Passeggiando lungo le strade del centro di Milano in un sabato pomeriggio piovoso mi imbatto nell'inaugurazione di Gap, colosso americano della moda low-cost, o quasi.
La capitale della moda nazionale sta attraversando da alcuni anni l'invasione di questi punti vendita che si affiancano ai grandi marchi del ready-to-wear nostrano (o prêt-à-porter, per chi non ha bisogno di controllare ogni volta come si scriva googlando il termine) e alle griffe storiche. Trovo giusto e sacrosanto che abbondino le boutique per chi vuol spendere svariate migliaia di euro acquistando una cintura Hermès o una borsa Bottega Veneta ma è altrettanto democratico lasciar proliferare templi dello stile chep and chic (dato che i cartellini dell'omonima linea di Moschino non lo sono per niente).
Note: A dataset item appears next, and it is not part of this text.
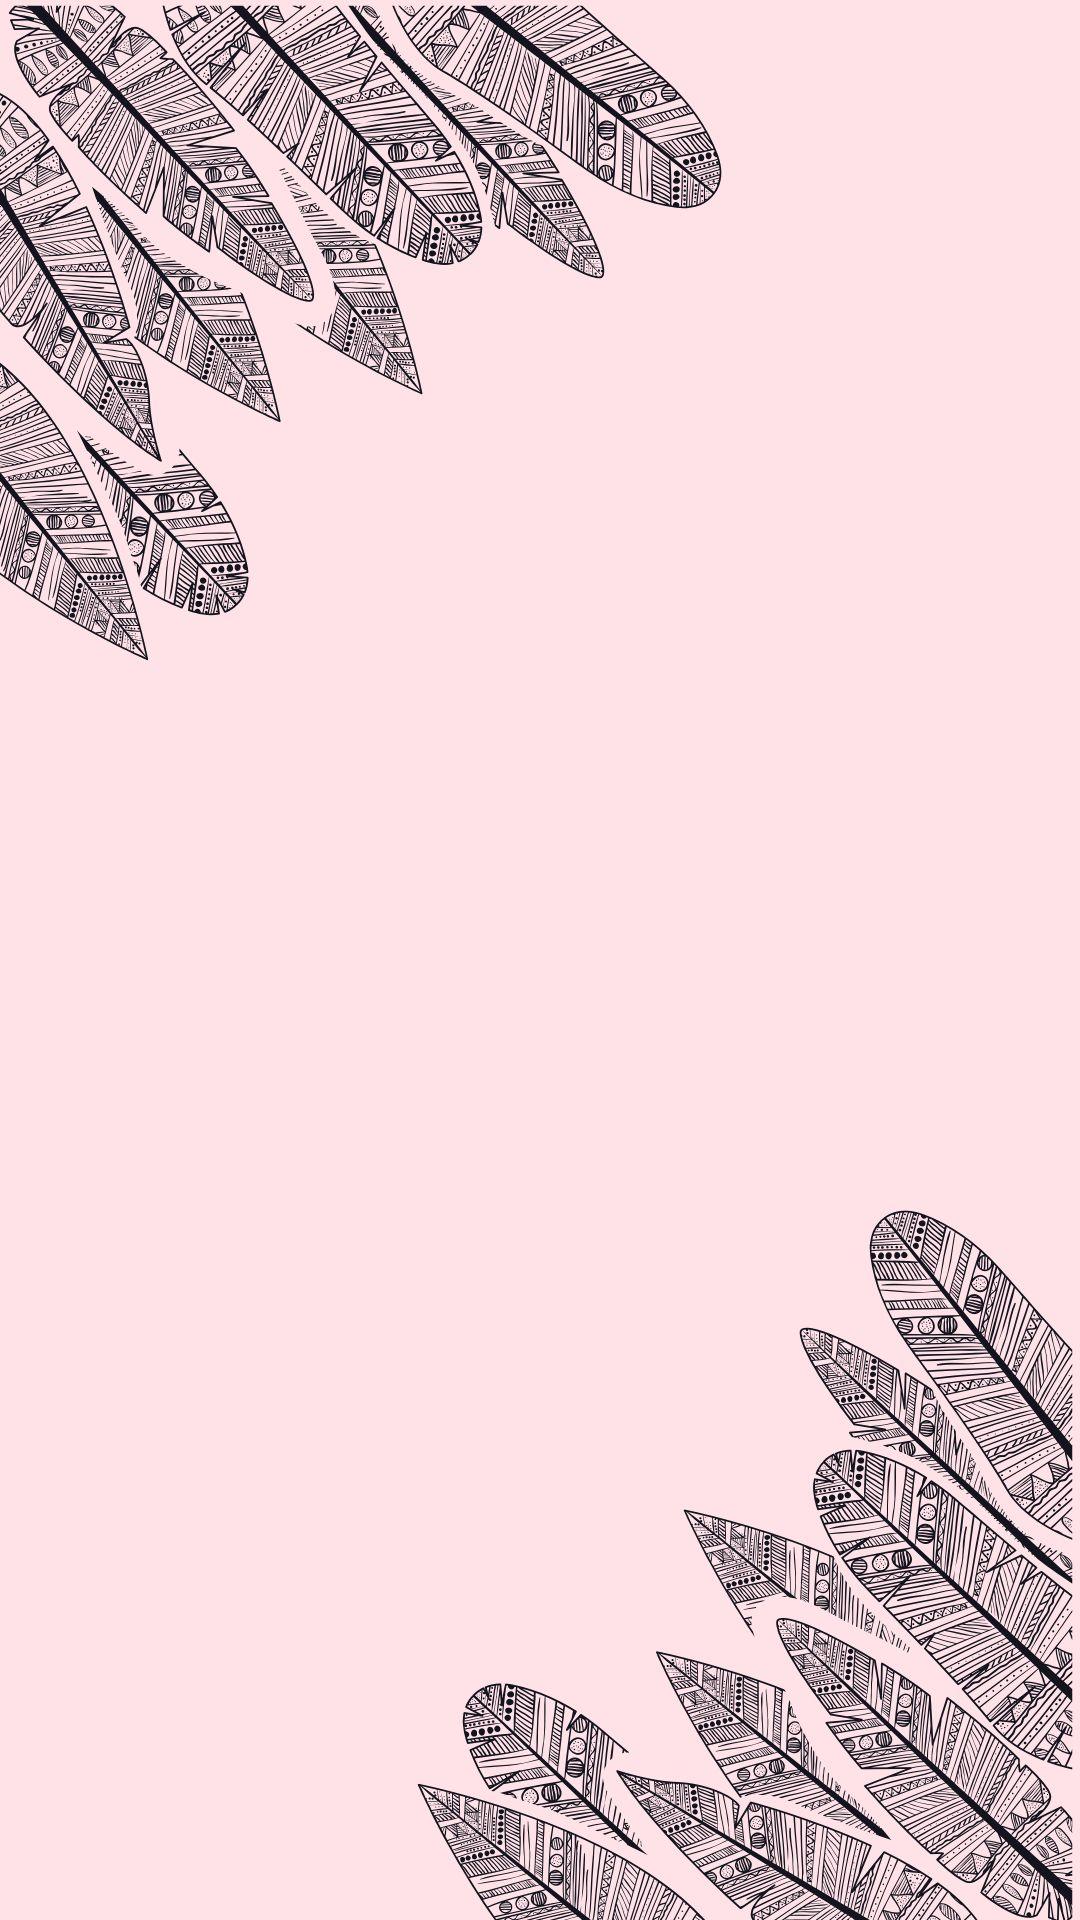 Iphone Background Instagram Story Templates Objek Gambar Seni
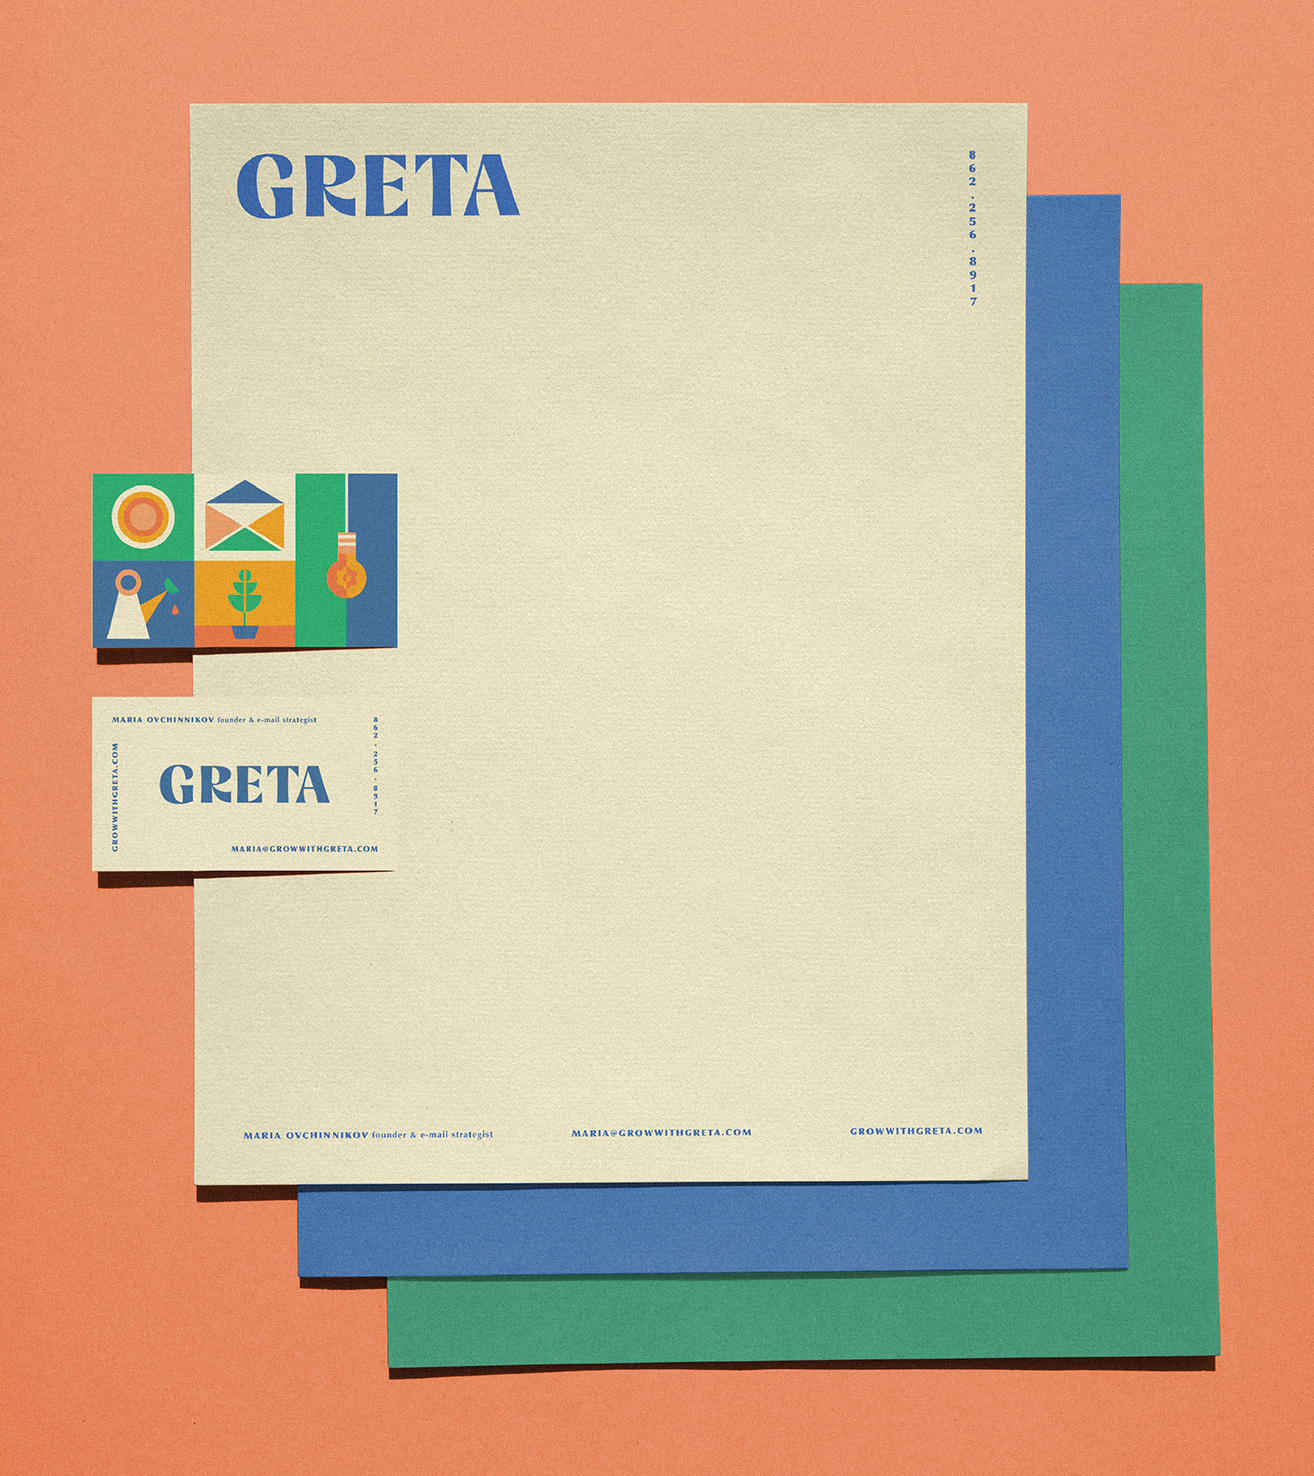 MGS_Greta_004

Zara continua inesorabilmente ad aumentare i prezzi (spesso non direttamente proporzionati alla qualità), Abercrombie & Fitch ha dimostrato che fondendo musica a palla, centimetri di pettorali scolpiti, profumi annebbianti e bionde sorridenti è possibile vendere migliaia di t-shirt stampate a 90 euro, H&M mira ad accontentare tutti i target possibili proponendo collezioni esclusive (martedì mattina avrà luogo la levataccia delle 5 per accaparrarsi abiti e accessori creati in collaborazione col marchio francese Lanvin) e sfoggiando ben due seconde linee: Divided e L.O.G.G. (Label of Granded Goods). A questi potrebbero aggiungersi anche Alcott, Carpisa, Motivi, Promod e tutti i brand del gruppo spagnolo Inditex: Oysho, Pull&Bear, Stradivarius e Bershka. Insomma, il mercato sembrava saturo. E invece no, mancava Gap (e prossimamente anche Banana Republic, linea d'élite appartenente allo stesso proprietario) e il suo buon rapporto qualità-prezzo.
Cos'ha Gap di diverso? Sorprendentemente qualcosa in più.
L'american style alla James Dean riflette la collezione maschile senza cadere nel look da tronista cowboy (vedi alla voce Abercrombie & Fitch) mentre quella femminile si arricchisce di stile grazie alla capsule Valentino for Gap, composta da alcuni capi disegnati appositamente dai direttori artistici del brand italiano Pier Paolo Piccioli e Maria Grazia Chiuri. Ciò che ha colpito maggiormente la mia attenzione è la sufficiente qualità dei tessuti abbinata alla cordialità degli addetti alle vendite, all'ordine negli espositori (prendi nota Zara) e alla quantità di suddivisioni merceologiche. Uomo, donna, bambino, bambina, neonato, curvy (taglie forti) e addirittura premaman! Quando mai H&M, di cui pure benedico ogni punto vendita esistente su questa terra, ha mai pensato alle taglie over 48?
Insomma, Gap non sarà la manna scesa dal cielo ma, facendo due calcoli, i conti tornano.